*** Opening of RECORDS FOR THE EXERCISE ***
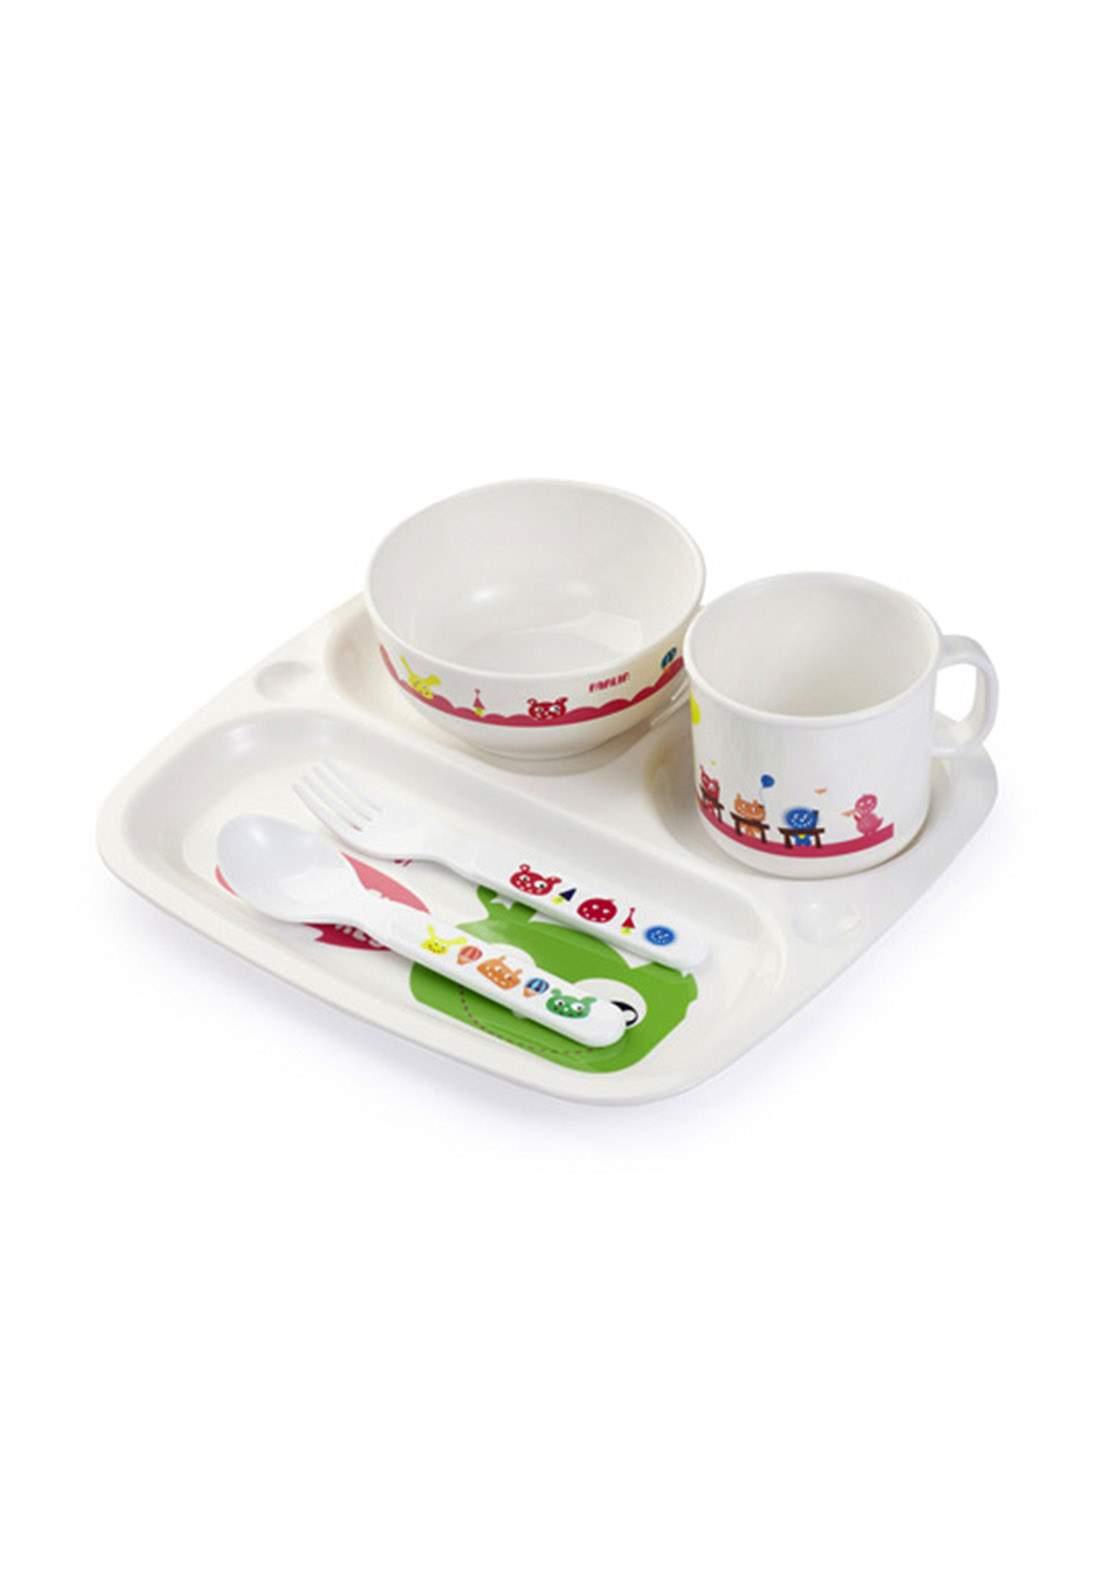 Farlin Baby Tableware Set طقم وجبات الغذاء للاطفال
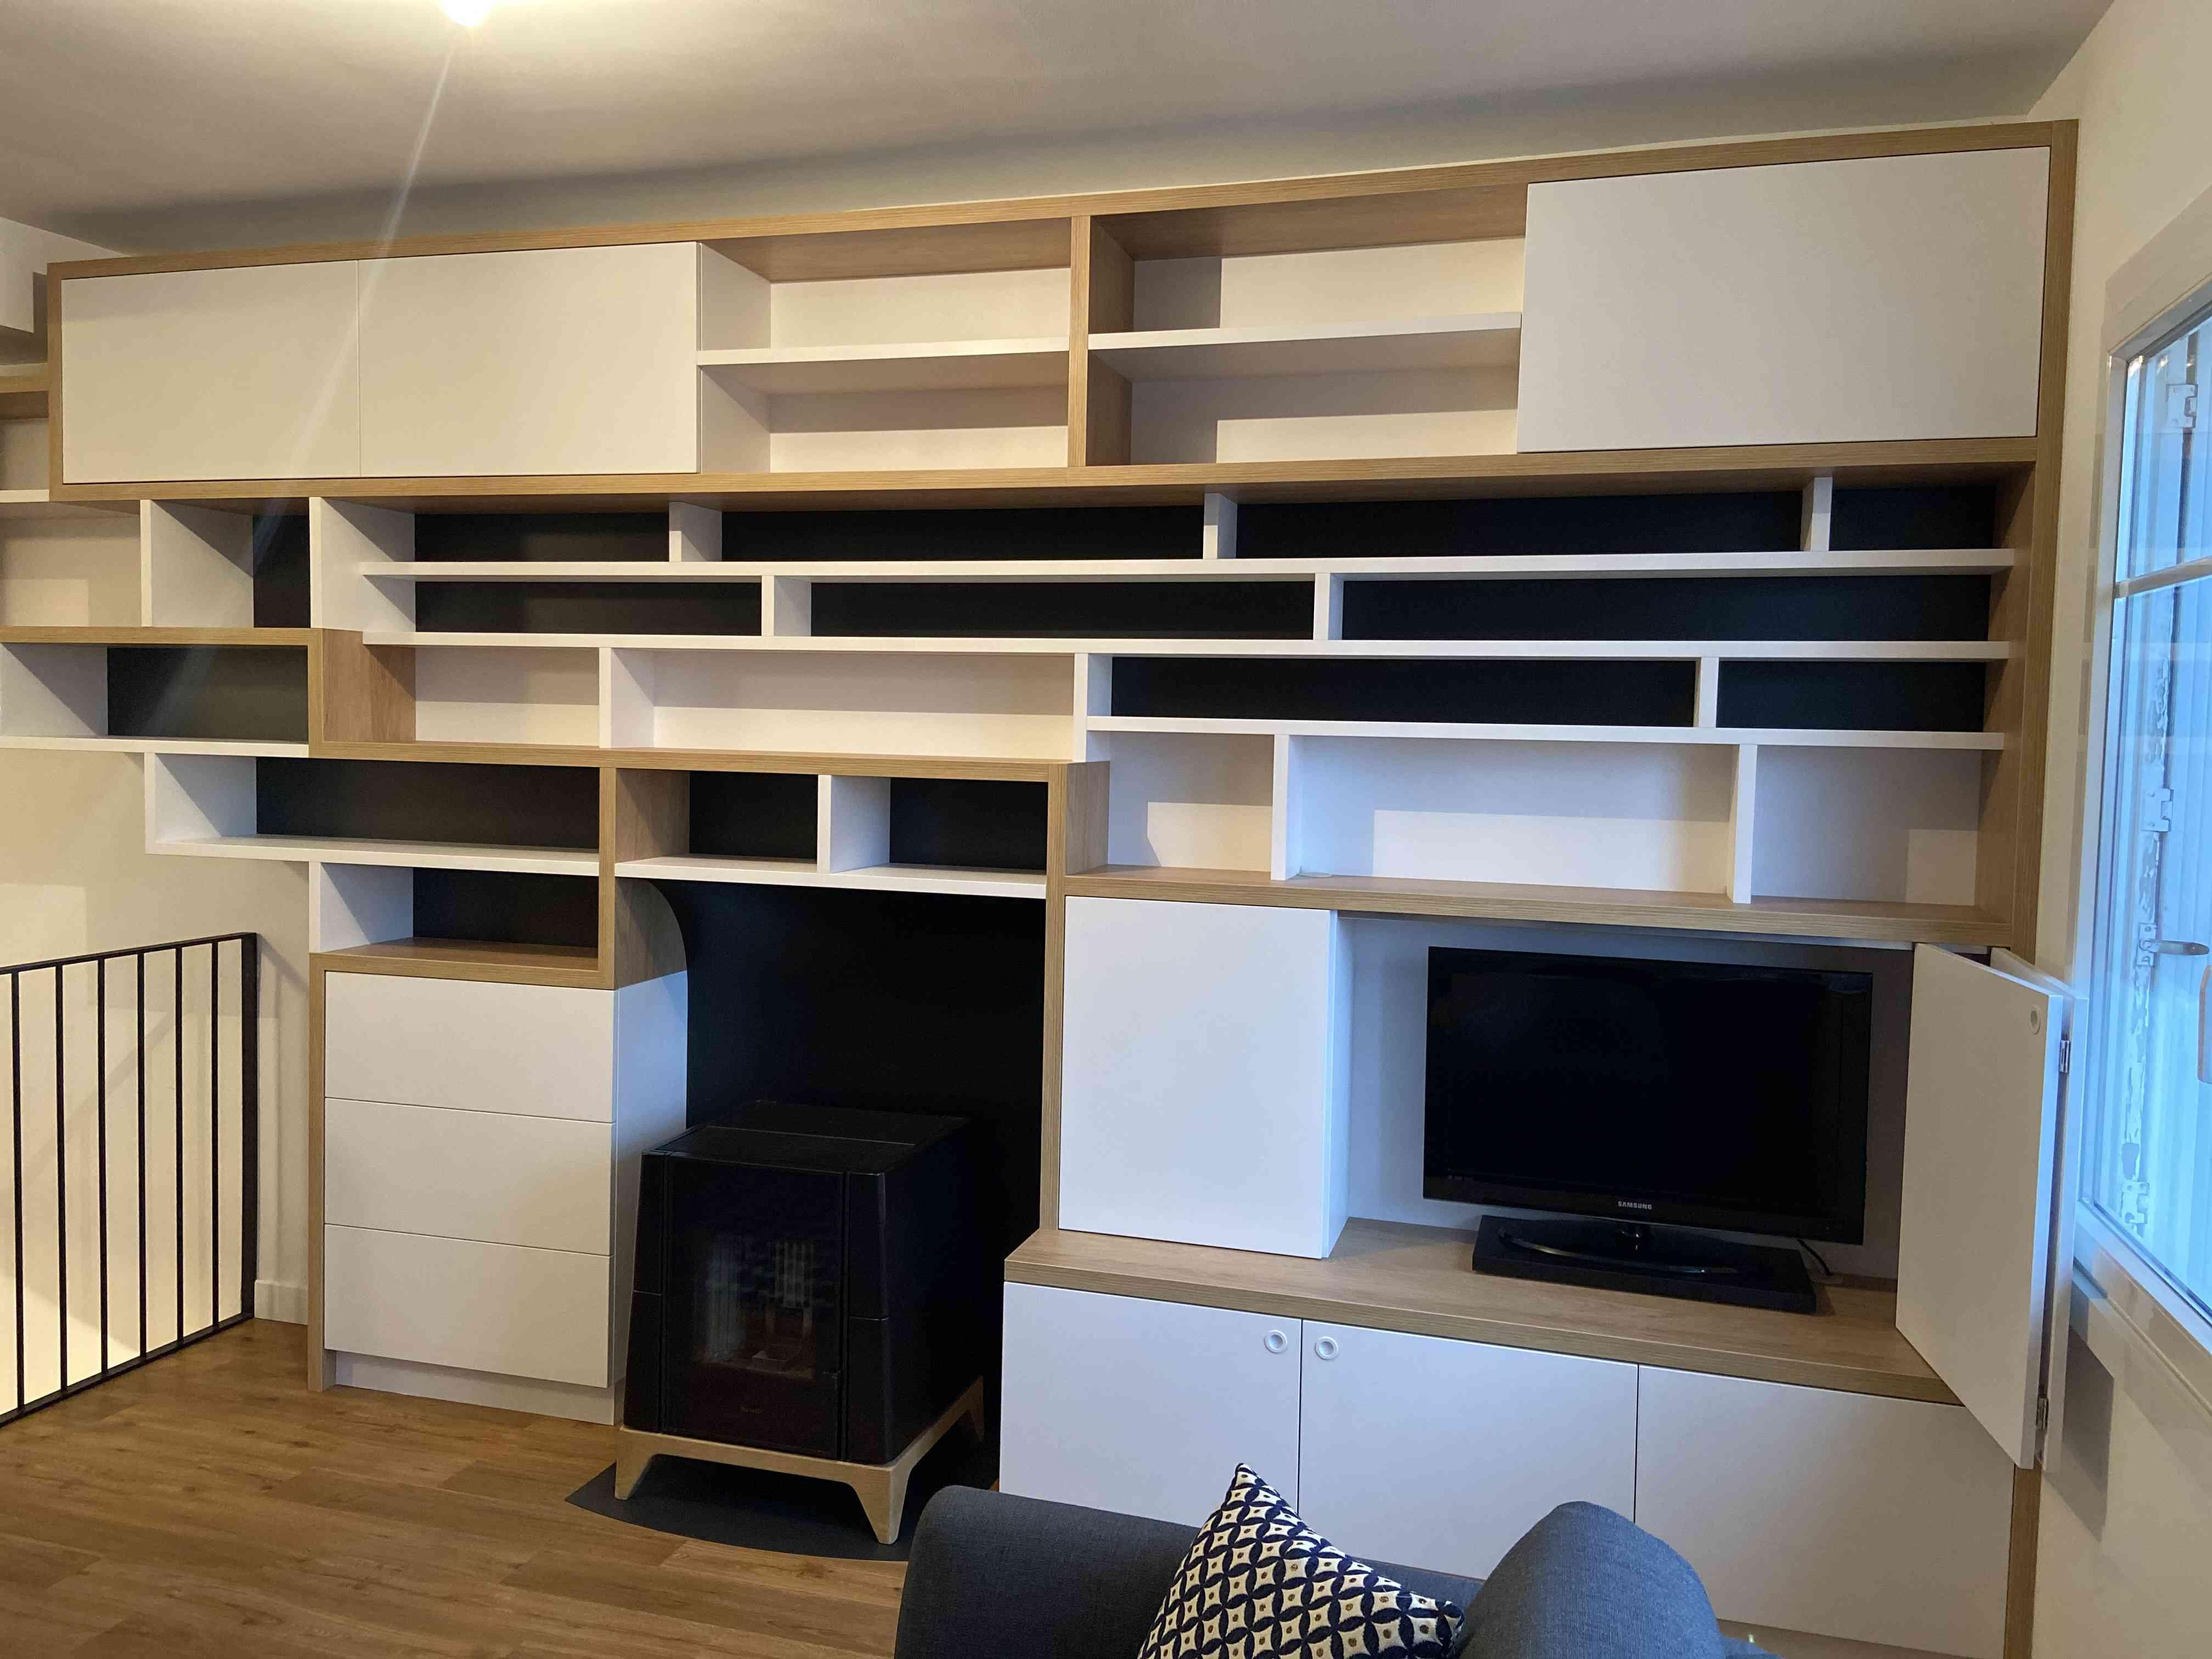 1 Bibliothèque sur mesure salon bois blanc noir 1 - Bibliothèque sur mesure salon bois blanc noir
*** Close of RECORDS FOR THE EXERCISE ***
*** Opening of RECORDS FOR THE EXERCISE ***
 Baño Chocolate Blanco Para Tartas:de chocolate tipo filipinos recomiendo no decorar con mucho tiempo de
*** Close of RECORDS FOR THE EXERCISE ***
## DIRECTIONS FOR THIS TASK
Once the line with "Farlin Baby Tableware" is found in the data above, reproduce it and each line after it exactly, through the line with "1 Bibliothèque sur". Omit the pictures.

## EXERCISE RESPONSE
 Farlin Baby Tableware Set طقم وجبات الغذاء للاطفال
 1 Bibliothèque sur mesure salon bois blanc noir 1 - Bibliothèque sur mesure salon bois blanc noir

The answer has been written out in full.